*** MATERIAL PROVIDED ***

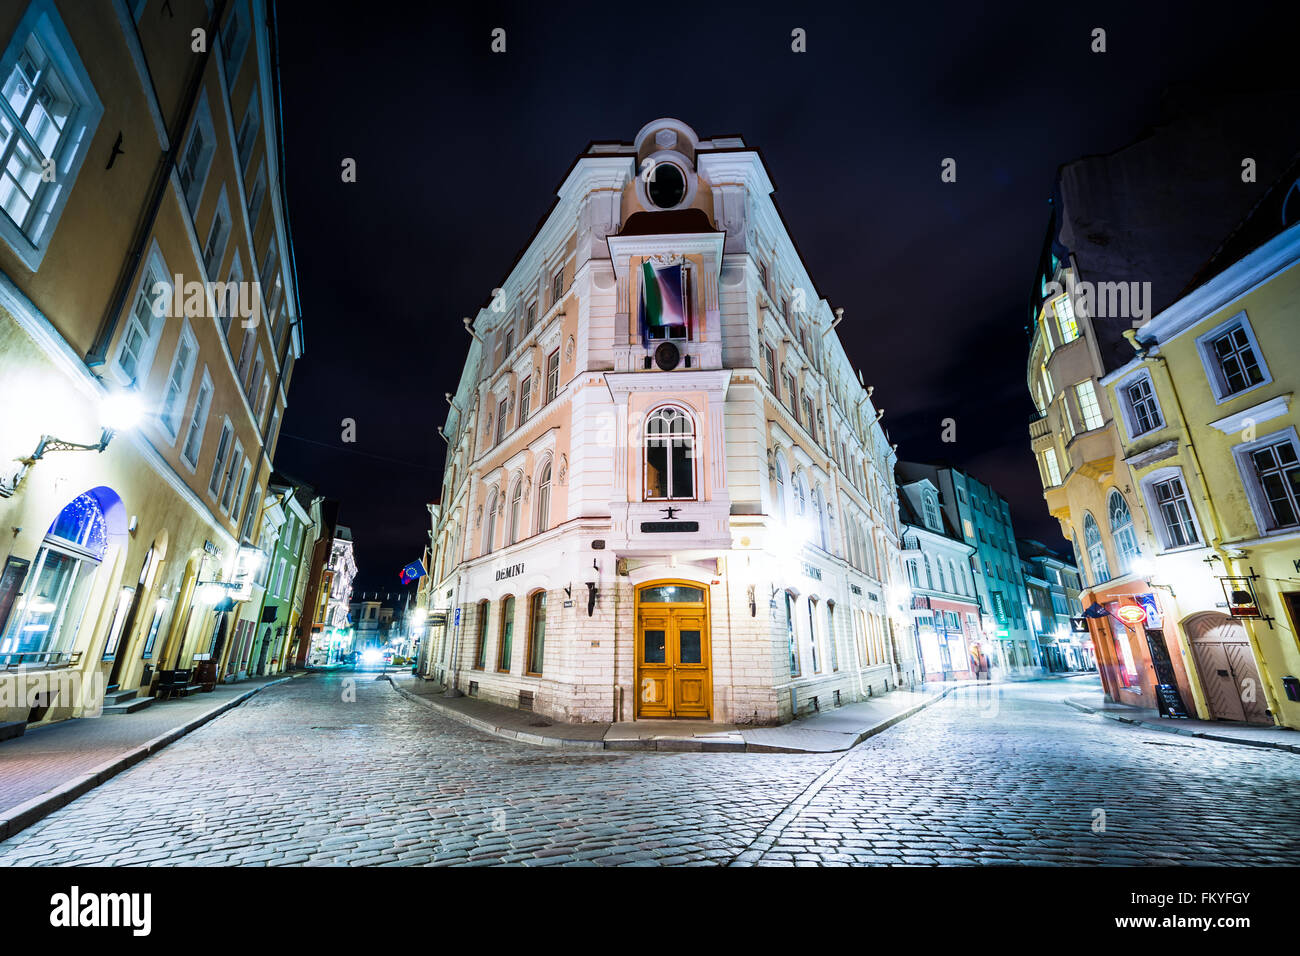 Buildings and cobblestone streets in the Old Town at night, in Tallinn, Estonia. Stock Photo
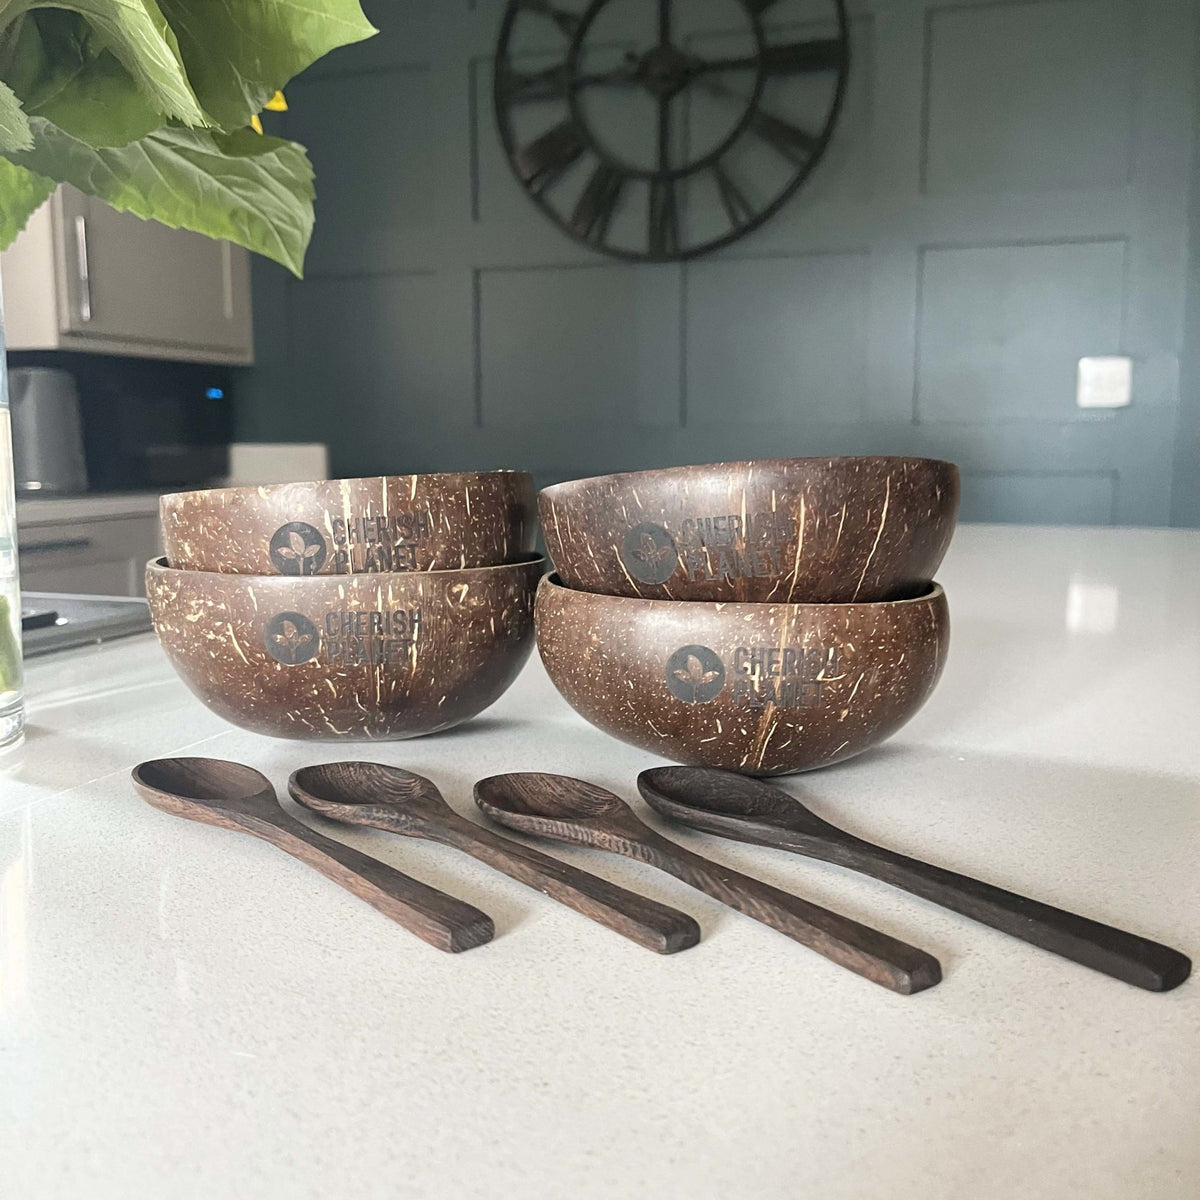 Real Coconut Shell Brown Bowls with Wooden Spoons Set
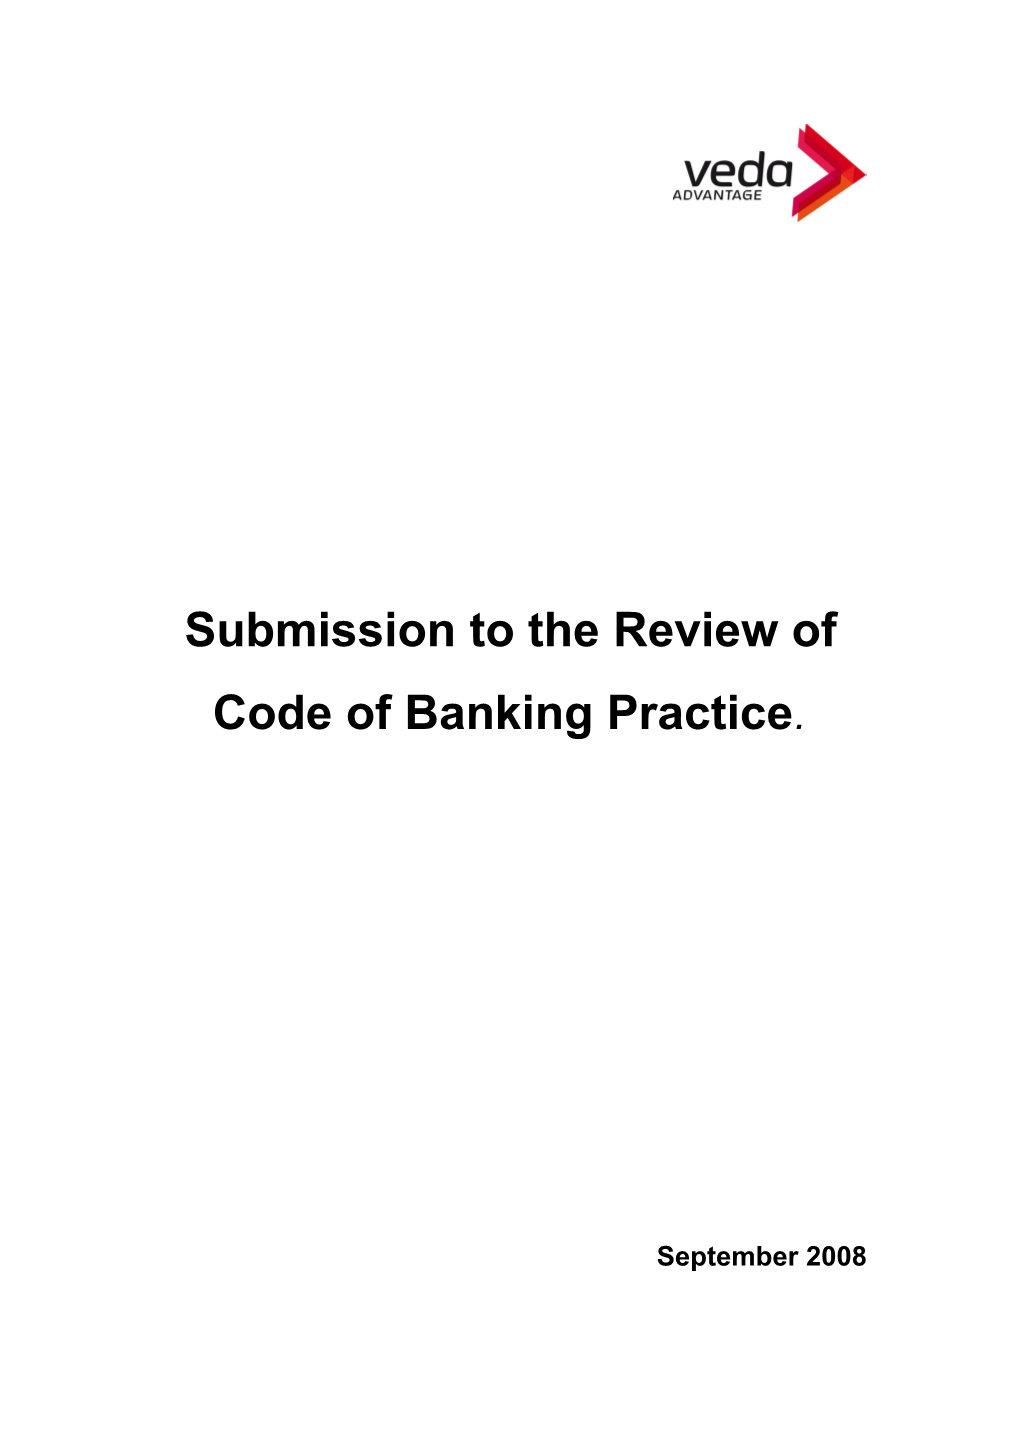 Review of Code of Banking Practice
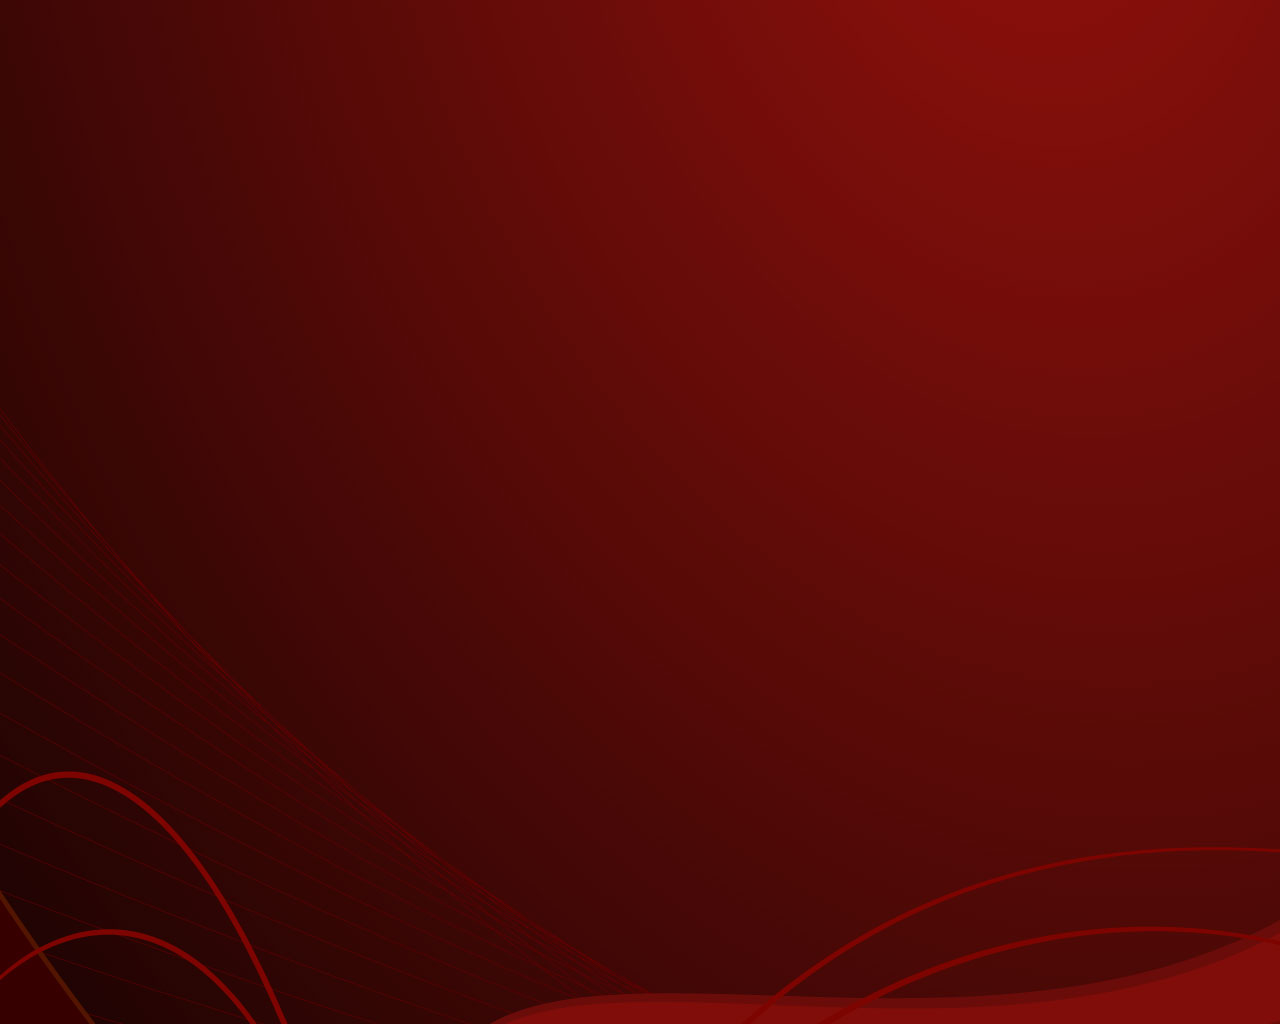 Red Lines Effect Backgrounds - Dark Red Powerpoint Background - 1280x1024  Wallpaper 
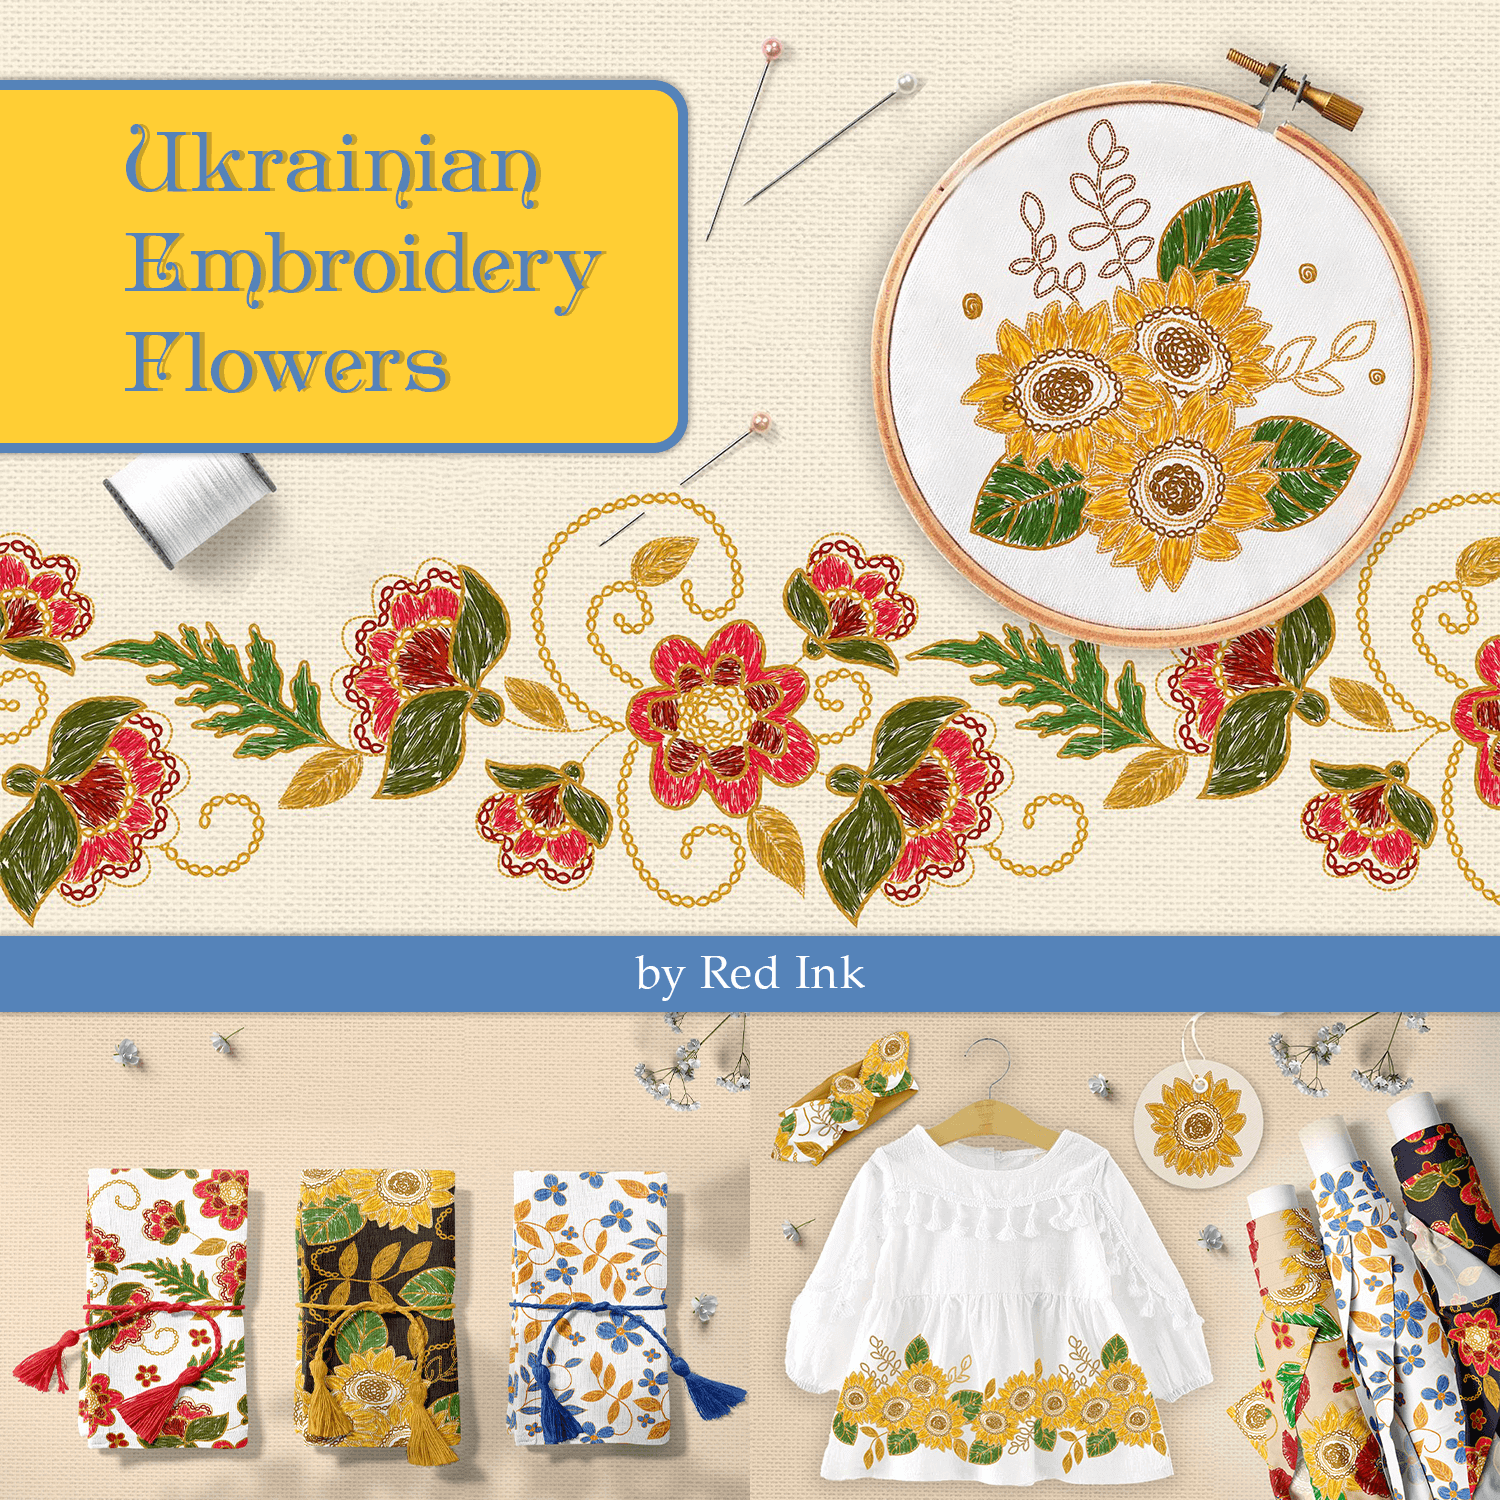 Very beautiful Ukrainian embroideries on different types of fabric.

*** End of MATERIAL PROVIDED ***

## EXERCISE OBJECTIVE
Output every record verbatim, excluding any picture it contains.

## WRITTEN SOLUTION
 Buildings and cobblestone streets in the Old Town at night, in Tallinn, Estonia. Stock Photo
 Real Coconut Shell Brown Bowls with Wooden Spoons Set
 Review of Code of Banking Practice
 Red Lines Effect Backgrounds - Dark Red Powerpoint Background - 1280x1024  Wallpaper 
 Very beautiful Ukrainian embroideries on different types of fabric.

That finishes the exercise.